*** Opening Task inputs ***

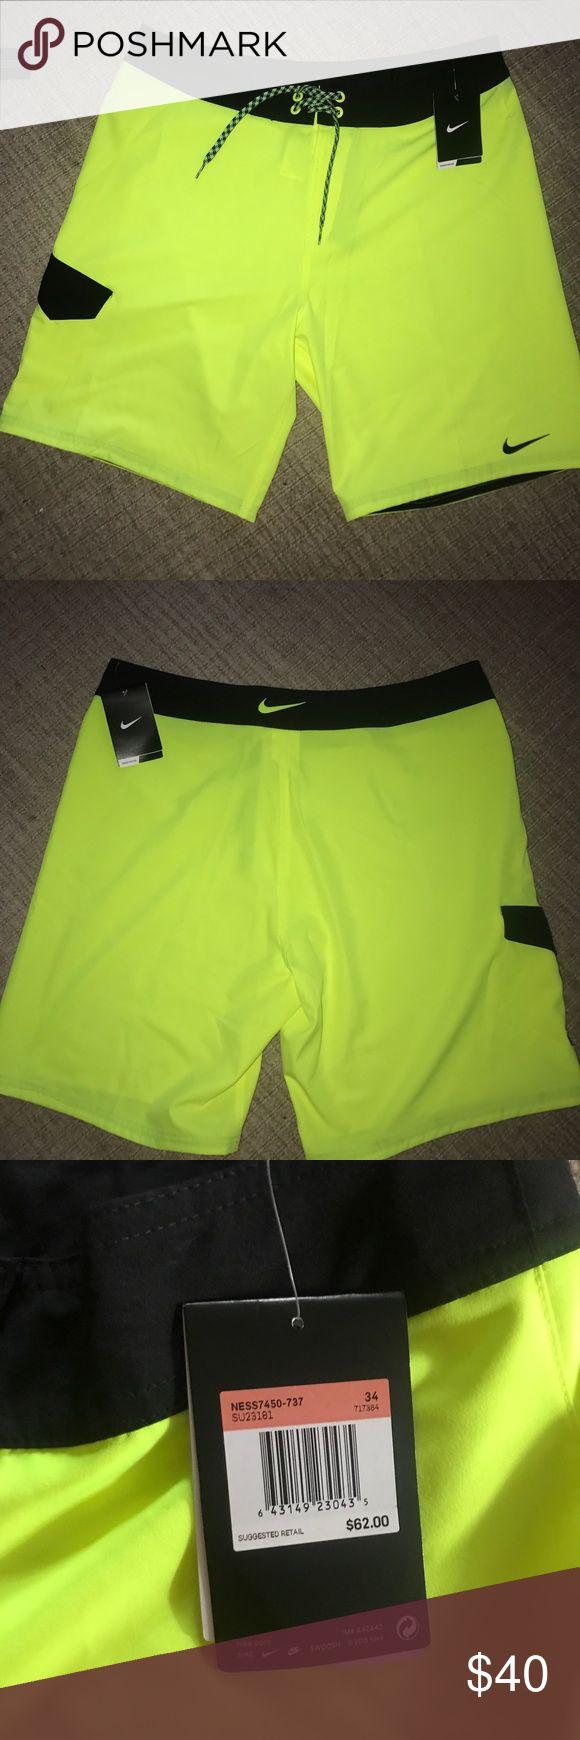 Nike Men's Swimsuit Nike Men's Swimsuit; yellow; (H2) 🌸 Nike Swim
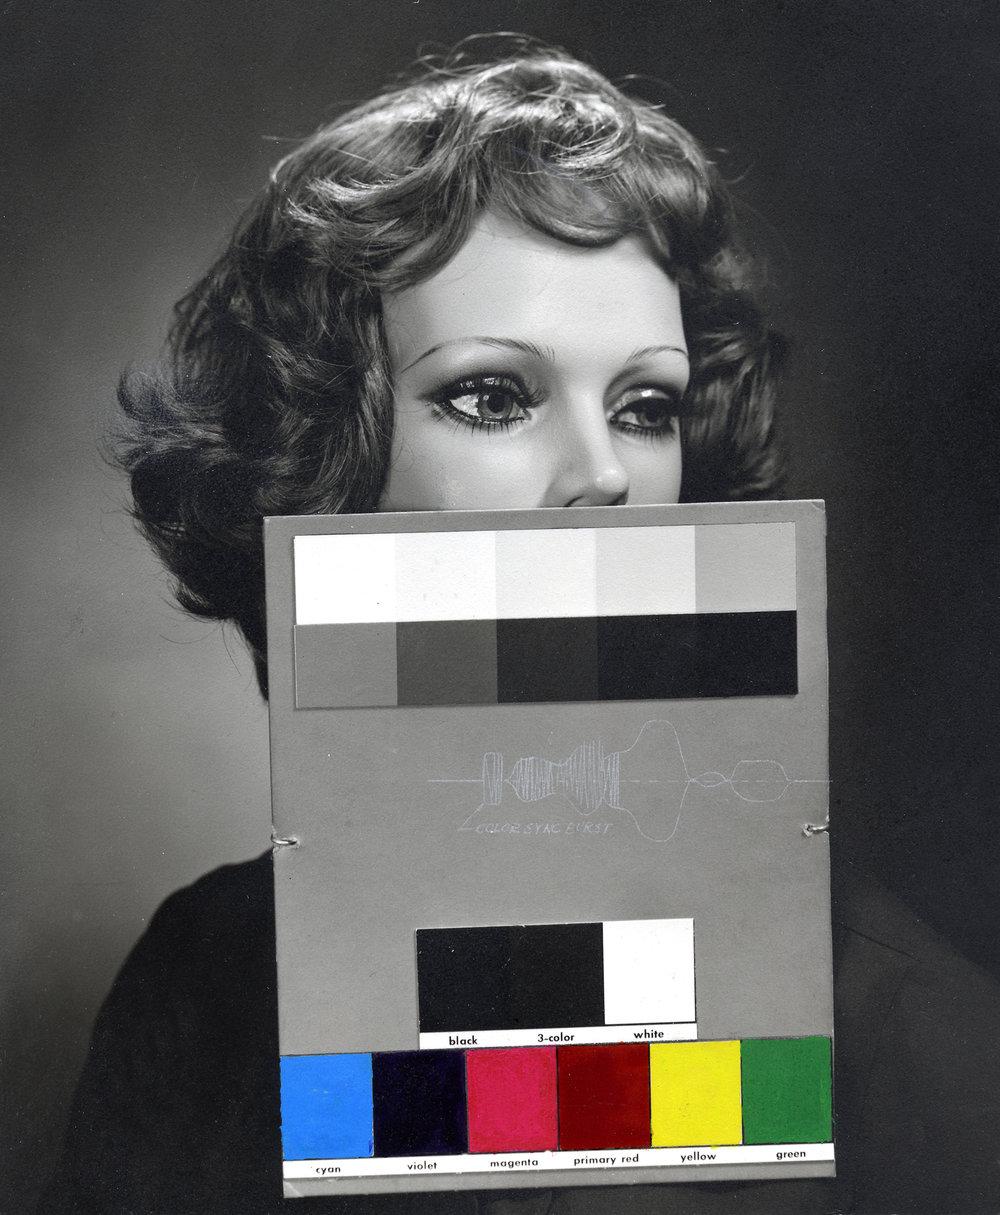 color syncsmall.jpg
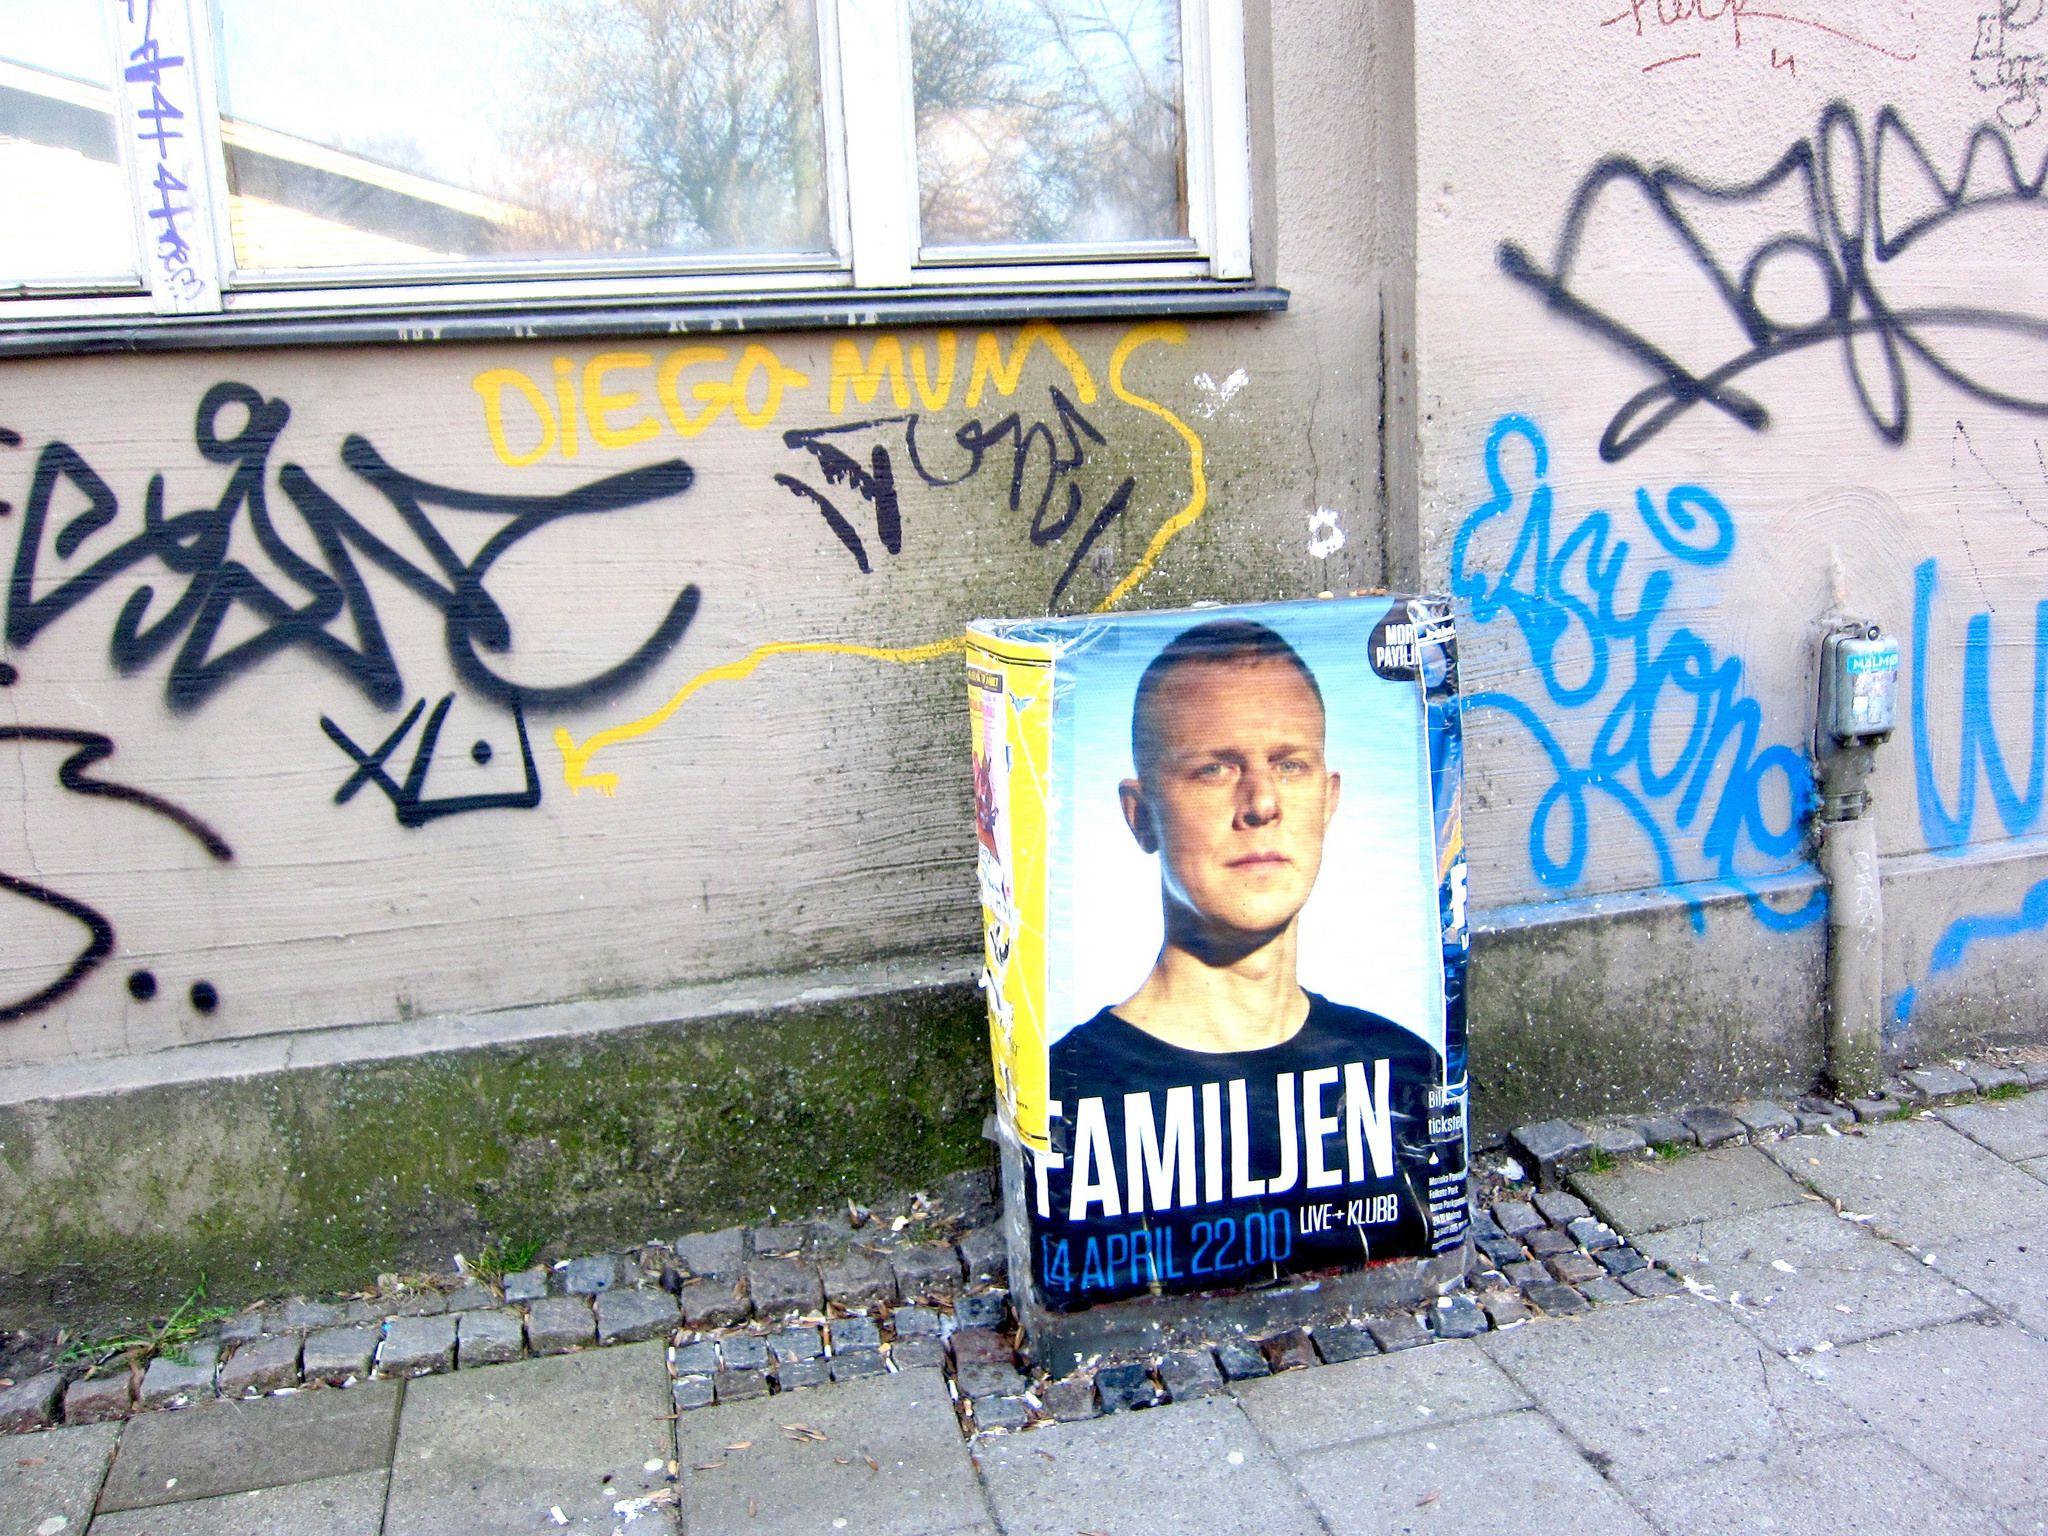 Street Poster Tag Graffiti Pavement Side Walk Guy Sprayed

*** Closing Task inputs ***
*** Opening Task inputs ***

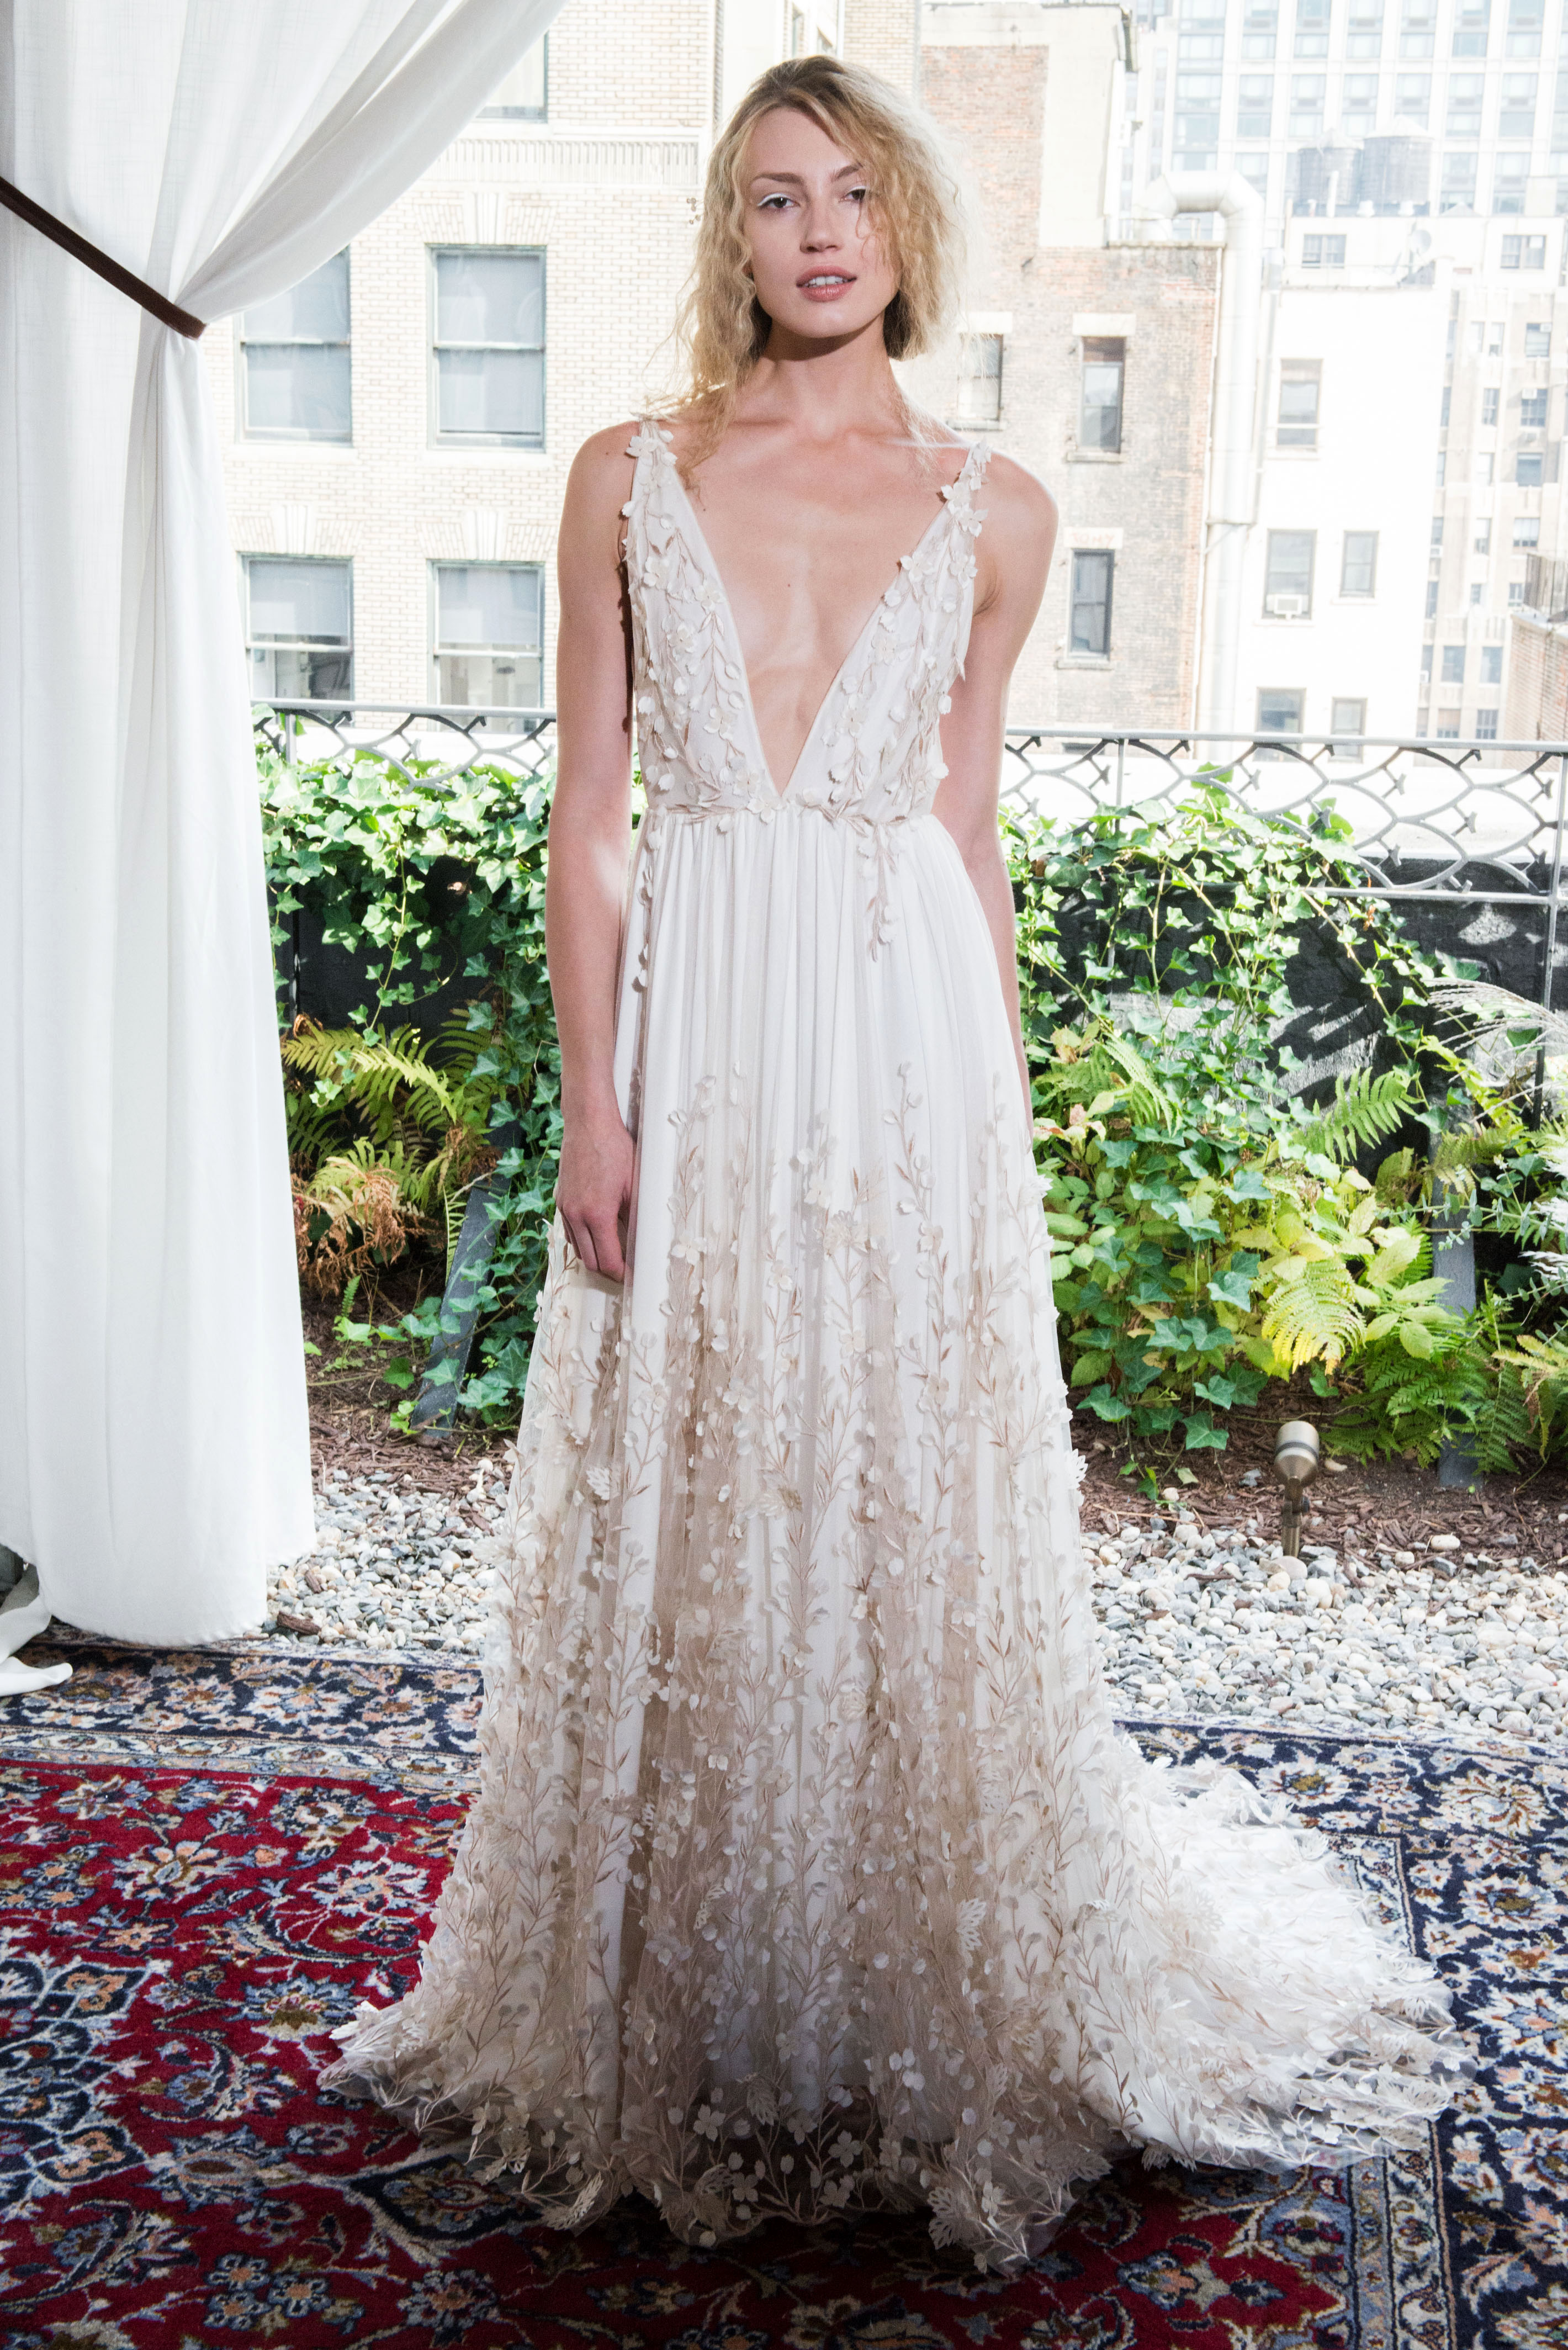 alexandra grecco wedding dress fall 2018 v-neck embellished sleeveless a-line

*** Closing Task inputs ***

- Problem requirements
With the pictures omitted, copy exactly the lines of the listing above starting at the line containing "Nike Men's Swimsuit Nike" and ending at the line containing "Street Poster Tag", both included.

- Solved exercise
 Nike Men's Swimsuit Nike Men's Swimsuit; yellow; (H2) 🌸 Nike Swim
 color syncsmall.jpg
 Street Poster Tag Graffiti Pavement Side Walk Guy Sprayed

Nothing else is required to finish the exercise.